Z drugiej strony gdyby każda rekrutacja zamykała się w godzinie, to by było spoko. Problemem są wieloetapowe rekrutacje, z których z nic nie wynika, a z drugiej strony zostało wykonane dużo roboty jeśli chodzi o sprawdzenie czyjejś wiedzy. (chociaż koniec końców z każdej rekrutacji sam kandydat może wyciągnąć wnioski i dużo się nauczyć i później pójść na rekrutację do innych firm i już będzie znać odpowiedzi na pytania, na które nie znał odpowiedzi wcześniej).

1

Nie chcę standardyzacji poziomów programowania. Z kilku przyczyn.

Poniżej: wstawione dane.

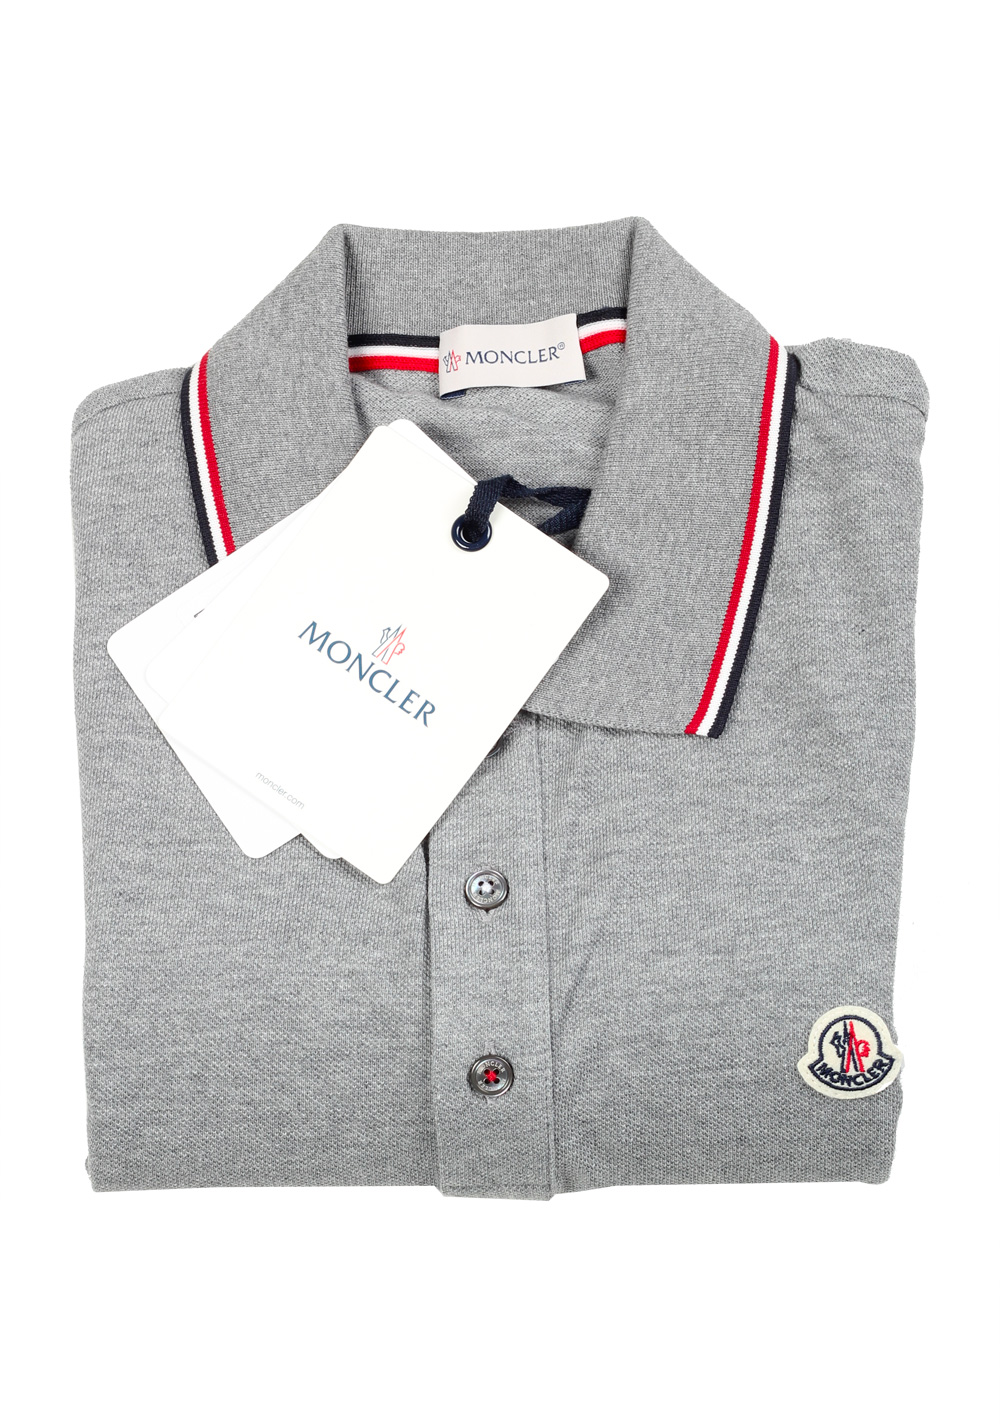 Moncler Gray Long Sleeve Polo Shirt Size XL / 42R U.S. | Costume Limité
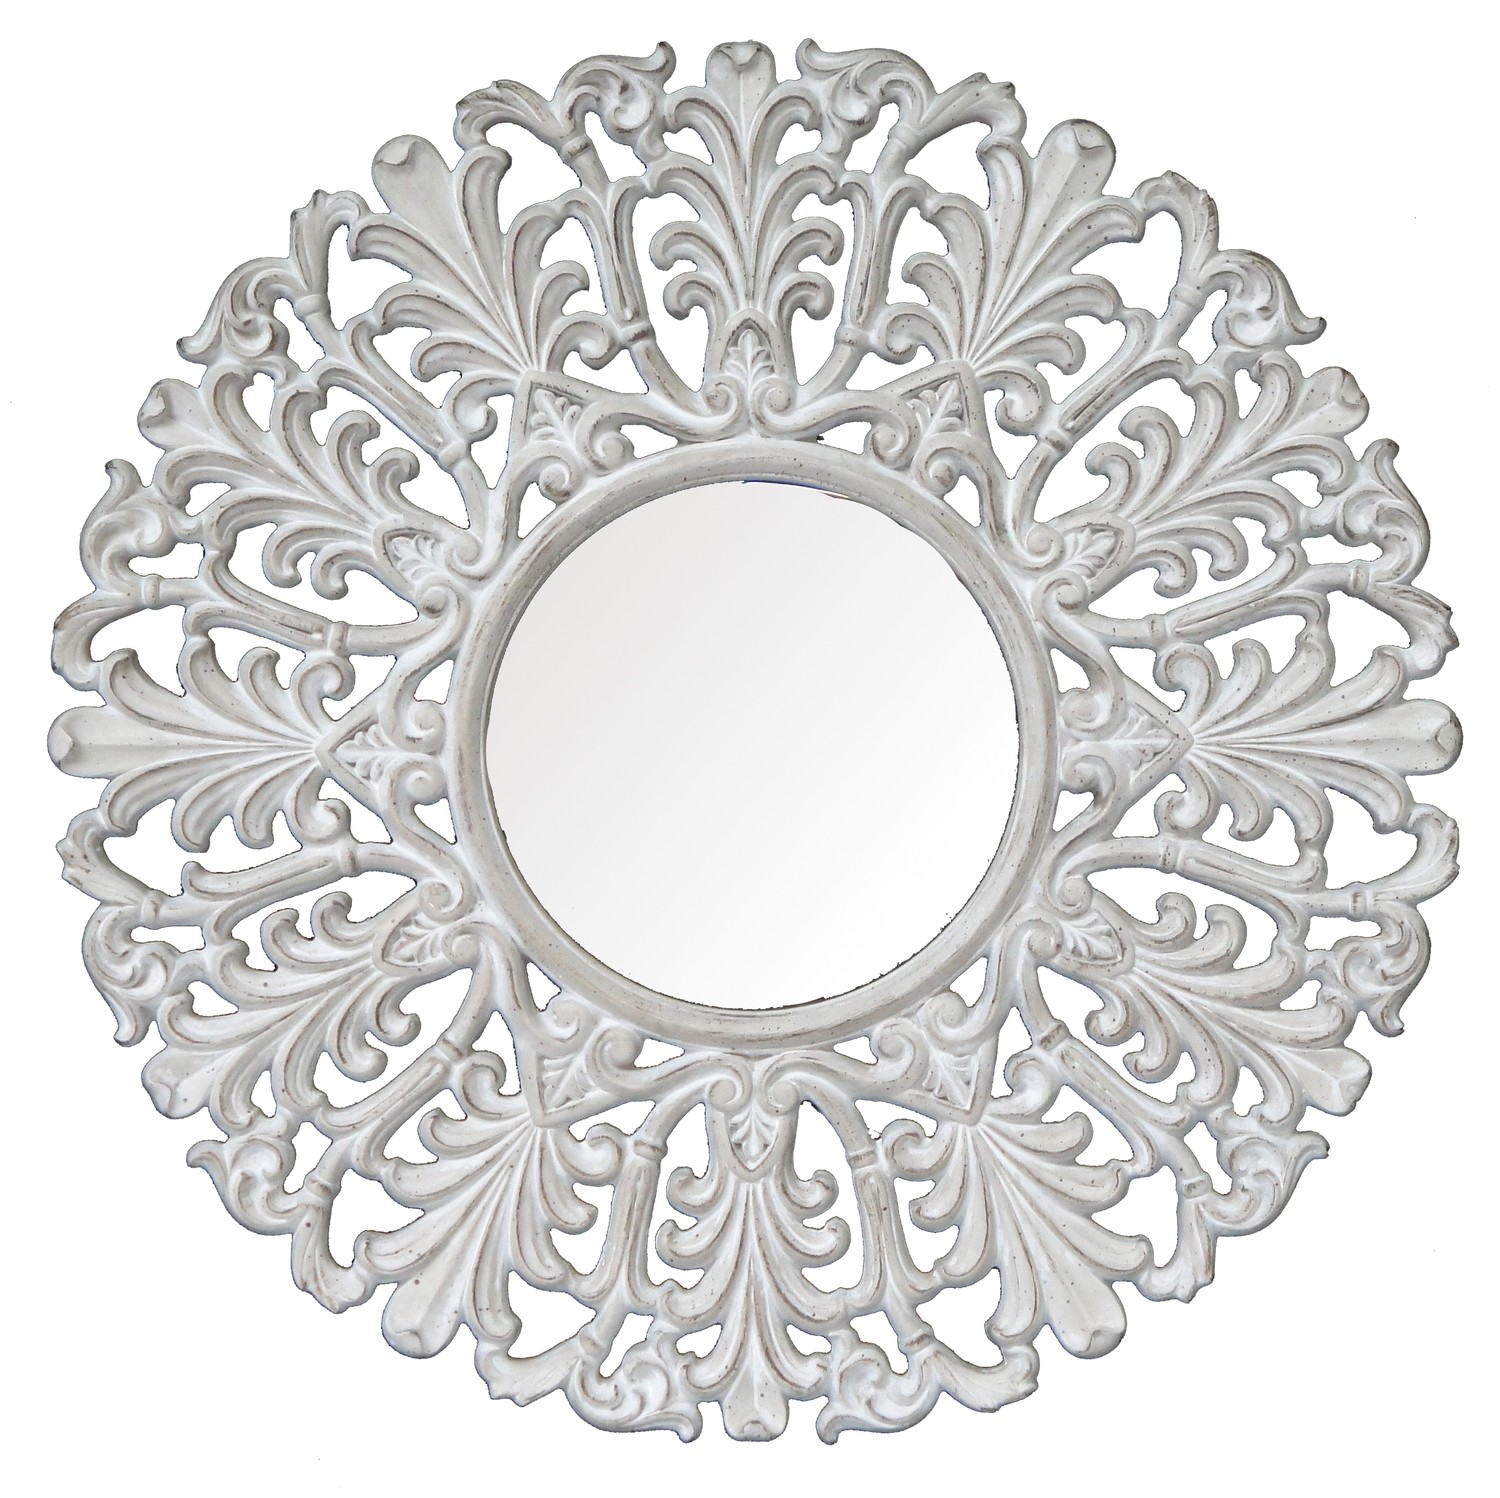 CFO68 Whitewashed round ornate mirror

  1. Przecież rzeczy w programowaniu się zmieniają, i to dosyć często. Sam pamiętam okresy, gdzie po dwóch latach nie skupiania się zbytnio na typowym stacku moja wiedza była dosyć przestarzała.
  2. Różni ludzie zwracają uwagę na różne rzeczy. To, że mi się podoba, że ktoś potrafi rozwiązać zadanie algorytmiczne, nie oznacza, że będzie w stanie rozwiązać inny typ zadania algorytmicznego.
  3. Skill w programowaniu jest niemierzalny. Da się go ocenić, ale nie istnieje miarka którą jesteś w stanie tego skilla zmierzyć.
  4. W rozmowach jest fajne właśnie to, że można się z nich uczyć, a czasami pochwalić się pewnymi rzeczami. Na teście nie podyskutuję sobie czy Python w kontekście Big Data nadaje się do czegoś więcej niż proste skrypty z pandas i PySparkiem.
2

Mi na przykład bardzo podobają się rozmowy rekrutacyjne lekarzy. Przez to, że każdy musi być po wymagających studiach, skończył staż a potem 6 letnią speckę i cały ten system edukacji jest usystematyzowany to rozmowy potem wyglądają tak:

  • Gdzie wcześniej pracowałeś/aś, gdzie dalej pracujesz?
  • X i Y
  • Ile godzin w tygodniu jesteś w stanie tu pracować?
  • 20h
  • Jaka stawka?
  • X zł /h + vat
  • Zapraszamy.

U nas nie ma chyba na to szans. Każdy ma inną wiedzę, inne wykształcenie, inne doświadczenia i inne rzeczy mogą być wymagane w każdej firmie.

2

gorzej jak wyjdzie słaby wynik i nie będziesz mógł go poprawić.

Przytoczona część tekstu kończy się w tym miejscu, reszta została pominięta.